The band, led by Swedish sisters Johanna and Klara Söderberg, played a set that began with high energy and ended in transcendence.
First Aid Kit

First Aid Kit /Raph_PH

In 2008, a slightly grainy video appeared on YouTube. In it, two teenage girls, one holding a guitar, are sitting in the woods. The one holding the guitar says, “So, um, this is for you, Fleet Foxes. It’s a little gift from us. OK, here we go.”

If her spoken voice is a variation on Ordinary Teenage Girl, her singing voice is something else entirely. Something carved from nature by nature, like a mountain worn by the wind. “Through the forest, down to your grave/where the birds wait, and the tall grasses wave/ They do not know you anymore,” they sing in stunning harmony.
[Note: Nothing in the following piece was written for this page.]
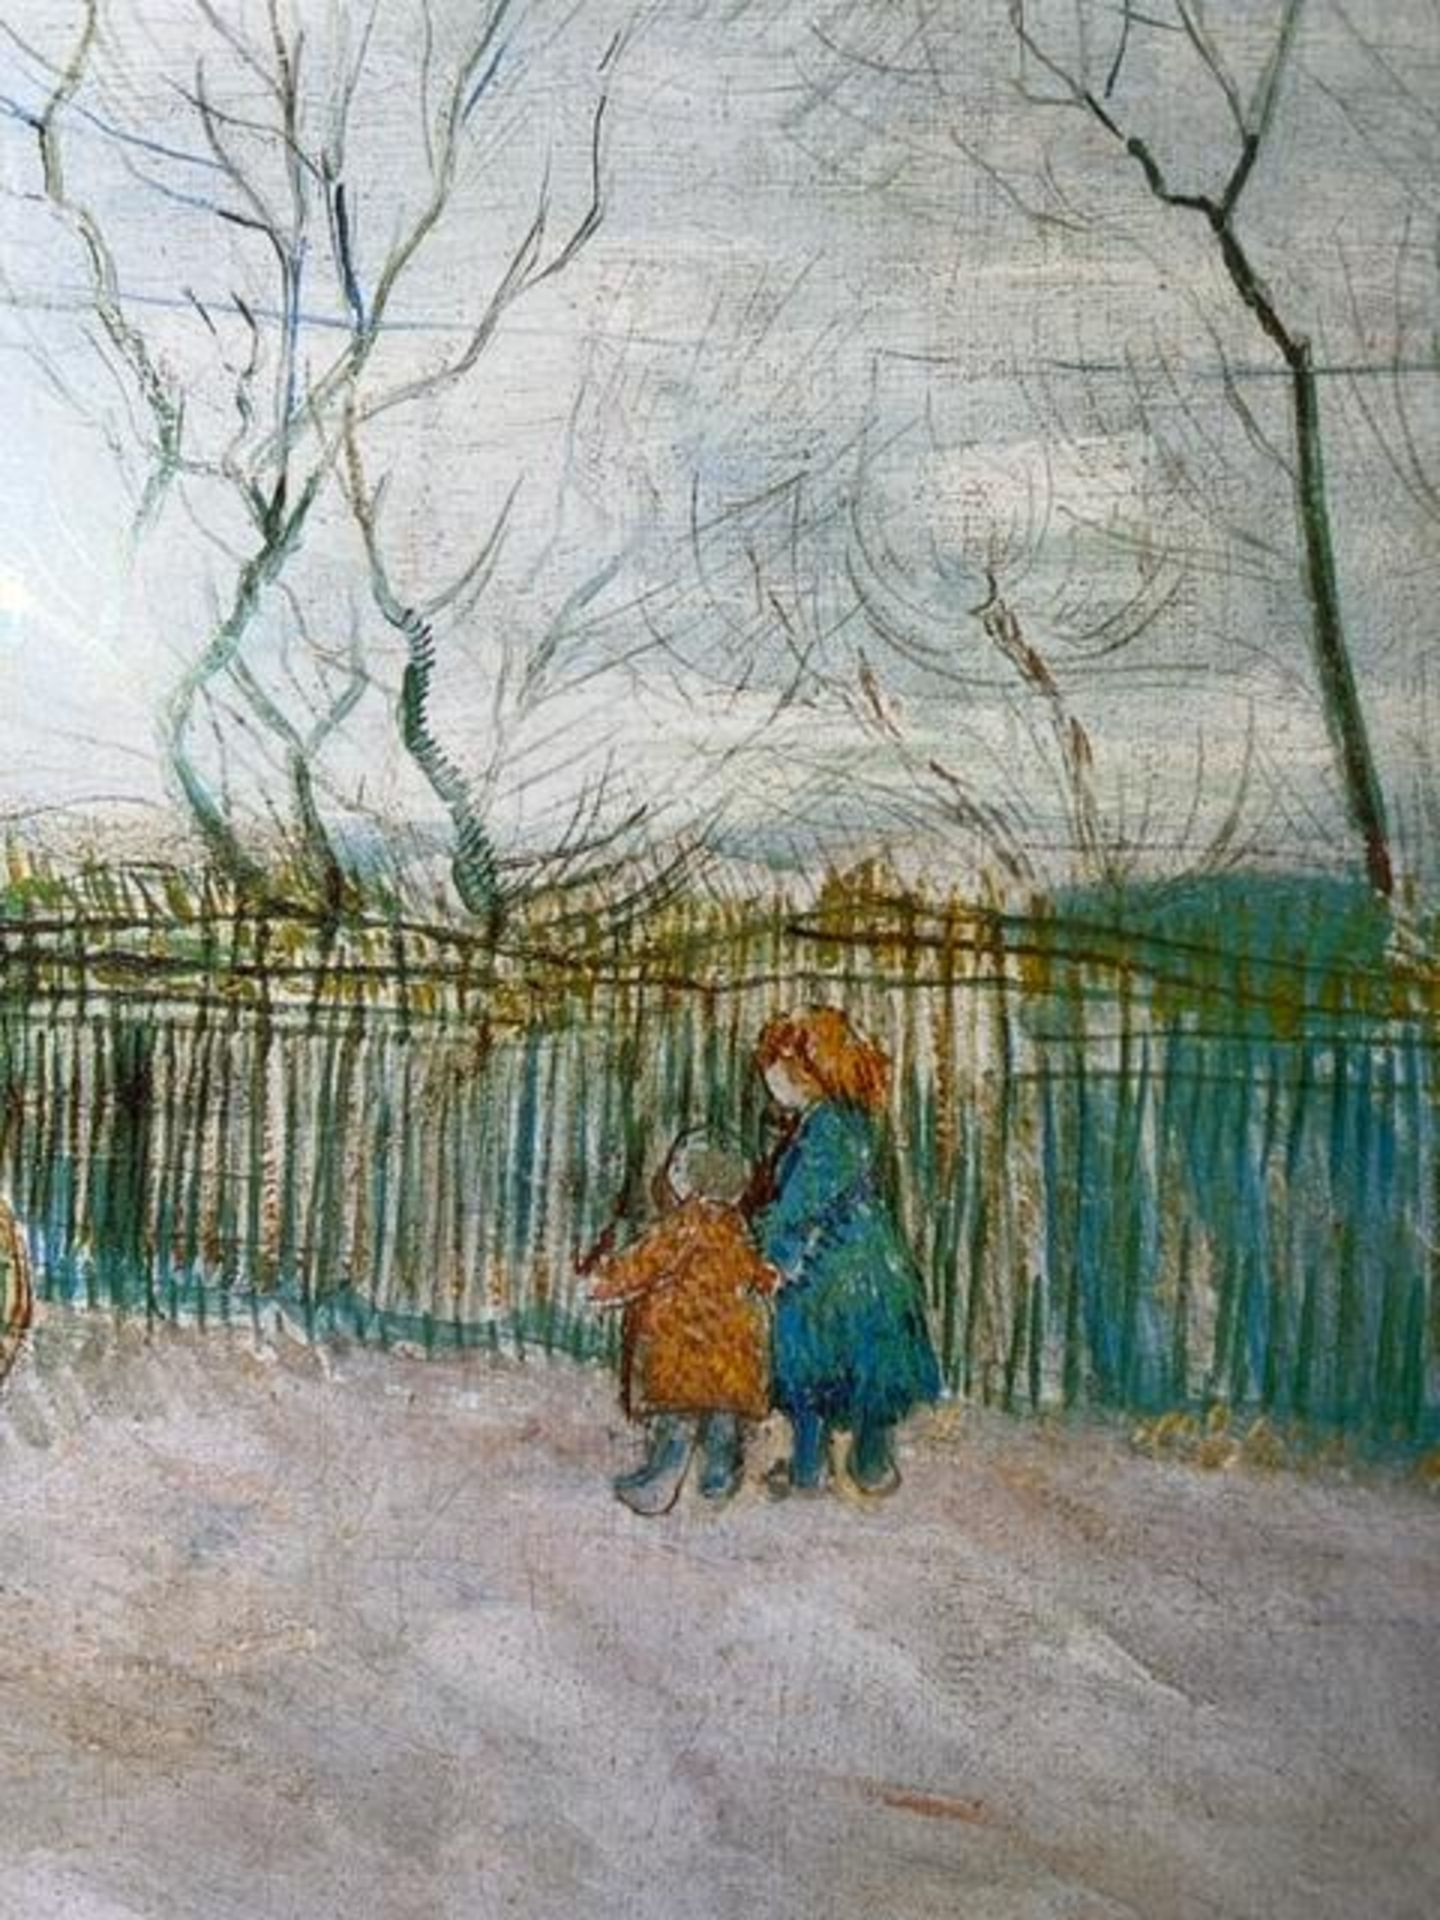 Vincent van Gogh "Street Scene" Print. - Image 5 of 6

Johanna and Klara Söderberg, 17 and 15 respectively, were already known in their native Sweden.However, their cover of Fleet Foxes' "Tiger Mountain Peasant Song" let the broader world in on the secret. As First Aid Kit, the sisters have built a career of playing songs steeped in American folk music, country, and 70s rock. They have been embraced by critics, audiences, and the artists they revere. When they played Paul Simon's "America" live, Simon gave them a standing ovation. When they played their song "Emmylou" in front of Emmylou Harris, she wept.

On Friday, July 21st, they made their Grand Rapids debut at Frederik Meijer Gardens & Sculpture Park. The Weather Station, fronted by Tamara Lindeman, opened. Lindeman has a pretty voice and the band is competent and sometimes interesting, but the music's subtleties proved too muted for the audience members near me (who talked loudly over the music in order to share that they were enjoying their drinks and thought Toronto was a nice city).
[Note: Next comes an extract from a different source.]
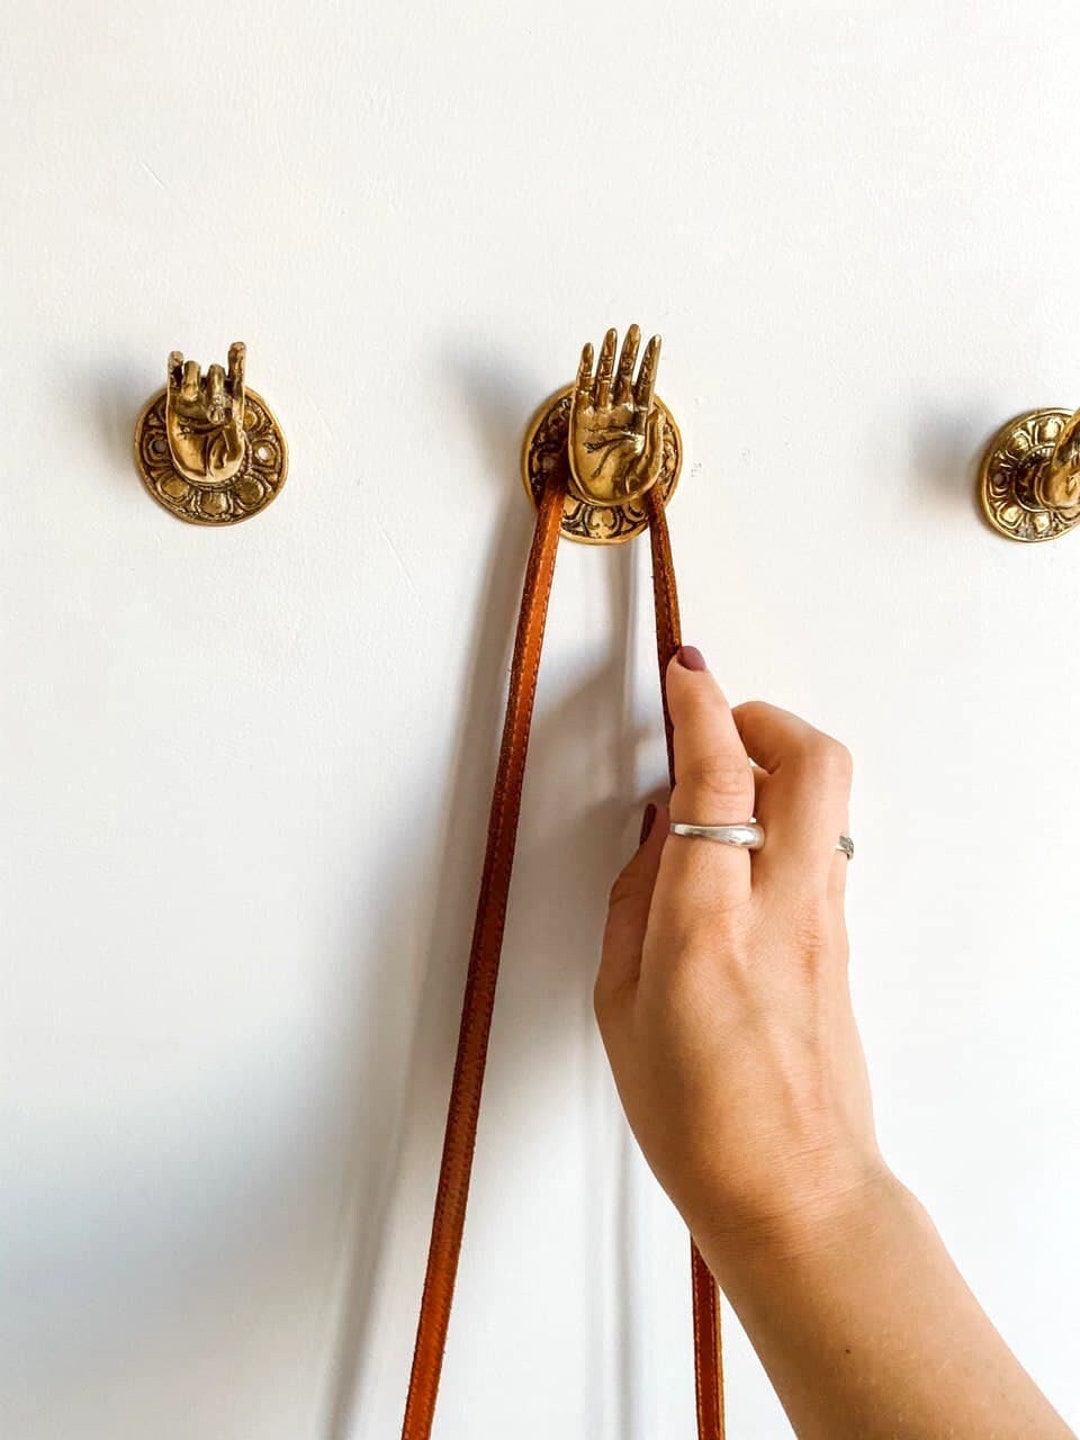 Decorative Brass Coat Hooks Wall Hooks Mother of Pearl Key Hooks

At 8:00pm, First Aid Kit emerged. Klara wore a floor-length, animal-print dress and white boots with chunky heels. Johanna wore a white blouse, black skirt, and white cowgirl boots. Backed by a crack band, they launched into "Palomino," the kind of yearning rock song Tom Petty might have written. It was a confident, energetic debut. Throughout, Johanna stomped her feet.

The setlist drew from their full catalog, from The Big Black and the Blue's lovely "Ghost Town" to "Everybody's Got To Learn" (which Johanna wrote recently for her daughter, now three years old). Their songs ranged in intensity from quiet and haunting (like their cover of Fleetwood Mac's "Songbird") to their own "Rebel Heart," which was fierce enough to convince you that rock and roll still matters. And when they're playing, it does.

See enough shows, and they lose some of their luster. Even the best can seem routine. But something happened to me during "The Lion's Roar." I kept tearing up. And it happened during the next song, and the one after that, and the one after that. Which struck me as absurd. I'm an adult, aren't I? What did it mean that this music had connected with something in me, something both nostalgic and yearning? That I felt, for a stretch of songs, that I could find what I'd been missing? Hadn't it seemed for some time that the past wasn't gone, but actually out there? That I could find it again? That I could do it right this time? Was I really going to get in my car and keep driving?

Wouldn't my children miss me?

The band left the stage, returning for a four-song encore. "King Of The World" was at least as joyful as it is on the album. The cover of Willie Nelson's "On The Road Again" did him proud. "My Silver Lining" ended the evening ("I don't want to wait anymore/I'm tired of looking for answers/Take me some place where there's music and laughter"). And then they were gone, as Sweden's National Anthem (Abba's "Dancing Queen") played over the speakers. 

We enjoy concerts or we don't. Transcendence doesn't usually come into it. As much as I'd loved First Aid Kit's music, I hadn't expected to find something eternal that evening. I hadn't expected to be struck like a bell. But there's just something to the way they harmonize. I'd explain what I mean, but I'm still ringing.